Case ID: br_143/html/0465-01.html
Source: Caselaw Access Project
Author: {"author": "JO ANN C. STEVENSON, Bankruptcy Judge.", "license": "Public Domain", "url": "https://static.case.law/"}
Date Created: 2024-08-24T03:29:51.129683

In re Albert Charles MOSS, Jr. and Joan Marilyn Moss, Debtors.
    Bankruptcy No. ST91-85696.
    United States Bankruptcy Court, W.D. Michigan, N.D.
    July 23, 1992.
    James W. Boyd, of Traverse City, Mich., Trustee.
    Stowe, Darling & Buday (A. Brooks Darling, argued) Traverse City, Mich., for the debtors.
   OPINION DISALLOWING EXEMPTION OF INDIVIDUAL RETIREMENT ANNUITIES

JO ANN C. STEVENSON, Bankruptcy Judge.

This opinion embodies in written form the bench decision rendered on June 18, 1992, and for the reasons stated herein the Trustee’s objection is granted.

The threshold issue in this case is whether the Debtors may exempt their interest in two individual retirement annuities under 11 U.S.C. § 522(d)(10)(E). This passage describes as exempt:

a payment under a stock bonus, pension, profitsharing, annuity, or similar plan or contract on account of illness, disability, death, age, or length of service, to the extent reasonably necessary for the support of the debtor and any dependent of the debtor....

Certain exceptions follow not relevant to this case.

An individual retirement annuity is a variant on the individual retirement account theme. An individual retirement account allows an individual to shelter current earnings from taxation by placing them in a designated account. The deposited amounts may only be withdrawn subject to a substantial penalty until the holder reaches retirement age. Upon reaching that age the amounts on deposit are paid out over time and are taxed as income at the rate to which the holder is then subject.
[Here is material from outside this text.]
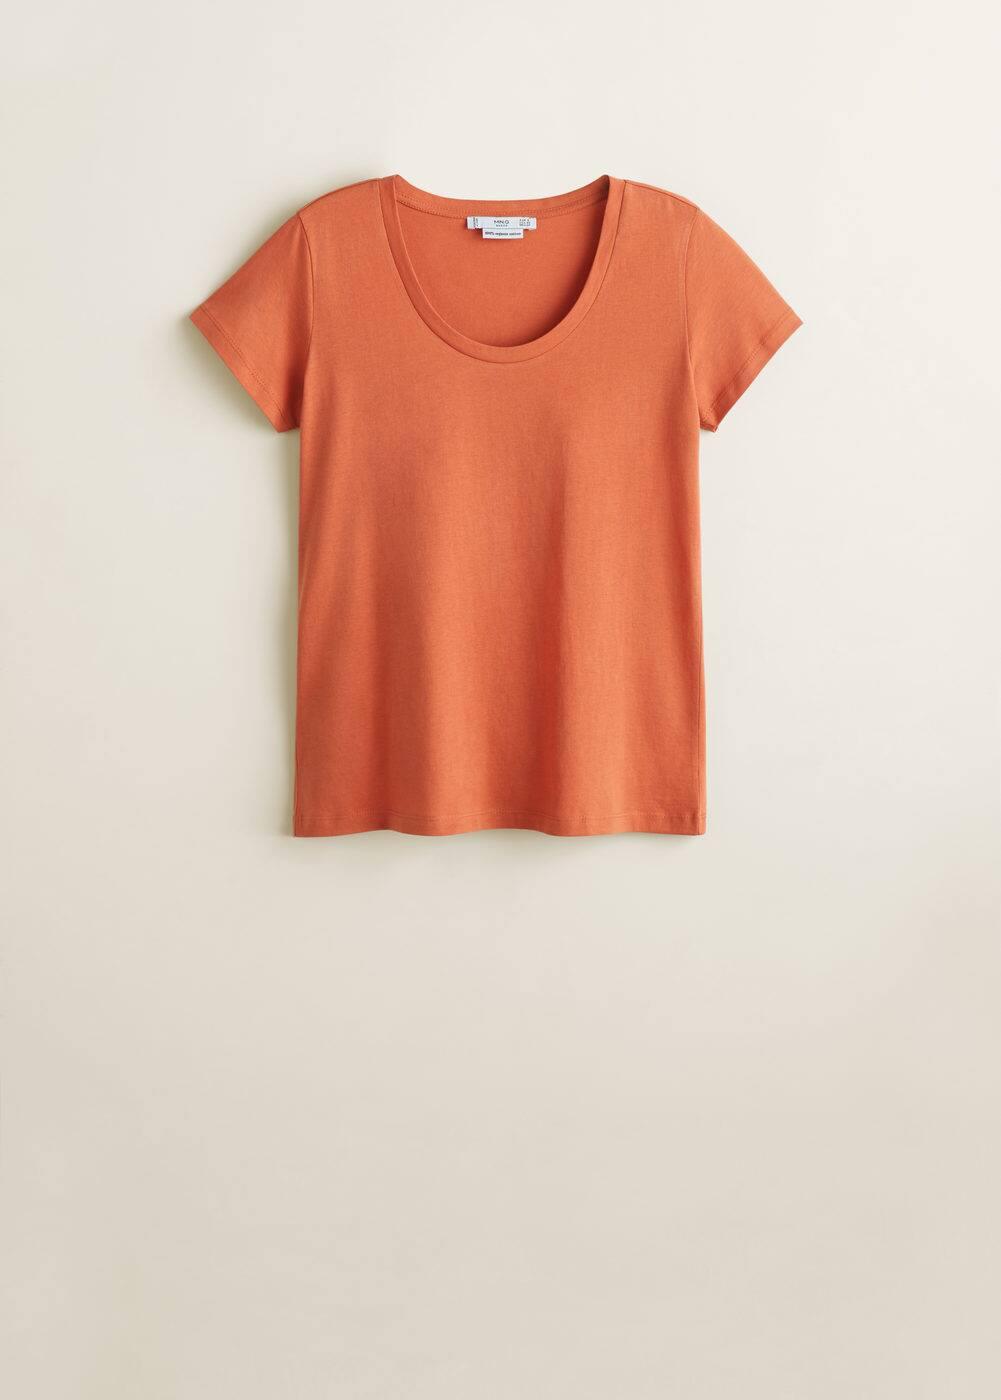 Mango - Camiseta algodón orgánico - 7

The individual retirement annuity functions similarly to the individual retirement account for the most part. The main distinction is that when the holder reaches the designated age, instead of receiving payments from the amount on deposit the proceeds are used to purchase a single premium annuity. The advantage of this arrangement for the holder of the account is security: he or she is guaranteed an income stream for life, regardless of the amount paid into the individual retirement annuity.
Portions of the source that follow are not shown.